Öcalan ne diyecek?

Abdullah Öcalan PKK’nin tutuklu lideri. 1999 yılından bu yana Türk devletinin elinde.

25 yıldır izlediği, dinlediği, okudukları şöyle dursun, yediği, içtiği, giydiği her şey devletin kontrolünde. Devlet istemediği sürece ne kimseyle görüşebilir ne de dışarıya bir tek söz ulaştırabilir.

MHP lideri Devlet Bahçeli iki aydır Öcalan’ın konuşması için gündem oluşturuyor. Bunun sonucunda DEM Parti yönetimi görüşme için dilekçe verdi. Adalet Bakanlığı izin vermesine rağmen haftalar geçti ancak ilginç bir şekilde görüşme sağlanmadı.

Ve bugün beklenen görüşme gerçekleşti. Görüşmeye eş başkanlar değil, Sırrı Süreyya Önder ve Pervin Buldan gitti.

Peki Abdullah Öcalan ne diyecek?

Aslında sürpriz hiçbir şey söylemeyecek. Söyleyebilemez.

Ortak vatan diyecek. Birlikte yaşam diyecek. Kürtlerle Türklerin kader birliğinden bahsedecek. Malazgirt, İdris-i Bitlisi, Çanakkale, Eşme ruhu diyecek. Misak-ı Milli diyecek. Türk devletinin Kürtlerin de devleti olduğundan bahsedecek. Türk’ü sevmeyen Kürt, Kürt değildir, Kürt’ü sevmeyen Türk, Türk değildir diyecek. Halklardan, İslam kardeşliğinden, ümmetten dem vuracak. Türkiye’nin Kürt hamiliğinden, Kürt-Türk ittifakından, emperyalistlerin bölge üzerindeki oyunlarından ve halkları birbirine düşürme planlarından bahsedecek. Barışa, kardeşliğe, birlik ve beraberliğe çağıracak. Güzel şeyler sayacak, tatlı şeyler söyleyecek, yumuşak ve yuvarlak konuşacak. Elhasıl PKK silah bıraksın, Kuzey ve Doğu Suriye’deki (Rojava) güçler Şam’daki yönetime katılsın, Suriye’nin birlik ve bütünlüğünü korusun diyecek.

Bunlara ek olarak ulus devletler çağı bitti, devlet kötüdür, devletsiz demokratik ulus, toplumsal Lozan, demokratik ekolojik cinsiyet özgürlükçü paradigma, kuantum, üç cisim problemi, Zigguratlar, Enkidu, İştar, kadın, tanrıça, demokratik modernite, özgür eş yaşam vs de diyebilir. Hiçbir sakıncası yok.

Bir süredir Devlet’in ve devletin periferisindeki Kürt İslamcıların ısrarla Öcalan’ın konuşmasına atıfta bulunması ve gündem oluşturması, konuşma içeriğinin bu olacağını haber veriyor.

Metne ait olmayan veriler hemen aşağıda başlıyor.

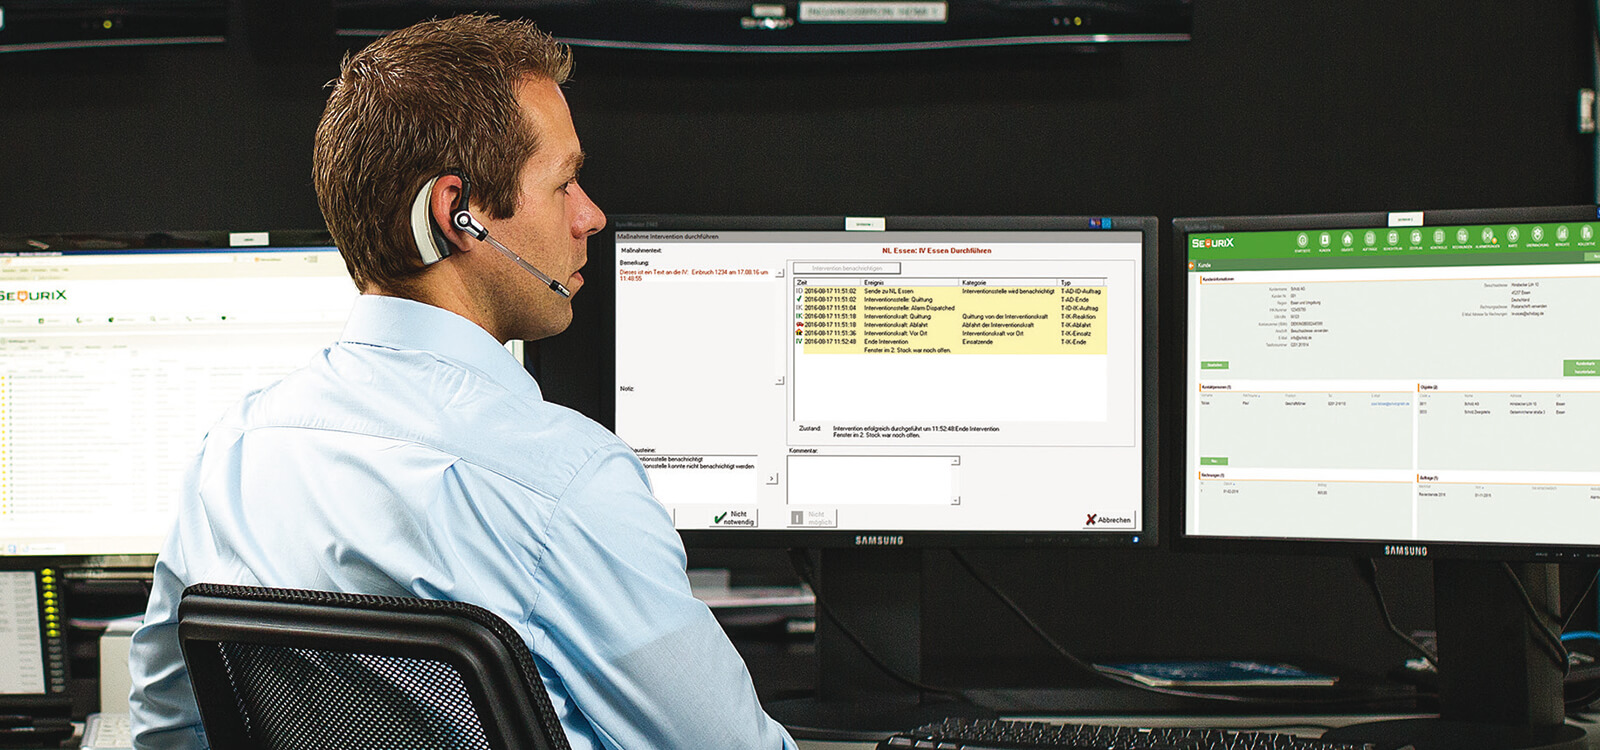 e-CLIPS koppeling alarmcentrales

Bazıları da diyecek ki Öcalan, gerçekçi olalım, güzel sözlerin aldatıcılığına doyduk desin. Bunca bedel, ağzımıza bir parmak bal çalıp başladığımız noktaya dönelim diye verilmedi desin. Eşitlenmedikçe kardeşliğin olamayacağından bahsetsin. Birliğin ancak özgür ve bağımsız olanlar arasında gerçekleşebileceğini söylesin. Türkiye’nin Kürtlere ve Kürdistan’ın her karış toprağına yönelik saldırı, işgal ve operasyonlarının son bulmasını istesin. Kendi isimleriyle Kürt, Kürtçe ve Kürdistan’ın resmi olarak tanınmasından bahsetsin. Ağır soykırım ve trajedilerle Kürtlere kaybettirilen yüzyılın tazmin ve telafisini istesin. Türkiye’ye yeni bir yönetim sistemi önersin. Otonomi ve federasyon desin.

Tabii ki her iki olasılık da gerçekleşmeyebilir. Sonuçta herkes tahmin yürütmekte serbest. Ancak devlet tarafı Öcalan’ın konuşmasında ve Ankara’da eve çıkıp Türk siyasetine katılmasında ısrarcı gibi.

Şam uzak olabilir ama mışar elimizin altında. Üç vakte kadar.

Belki de Bir Halkı Savunmak’ın son bölümünü (VII. Bölüm) yeniden dikkatle okumak gerek.

 

(Yazılar, yazarların görüşlerini yansıtmaktadır. Rûdaw Medya Grubu'nun kurumsal bakış açısıyla örtüşebilir ya da örtüşmeyebilir.)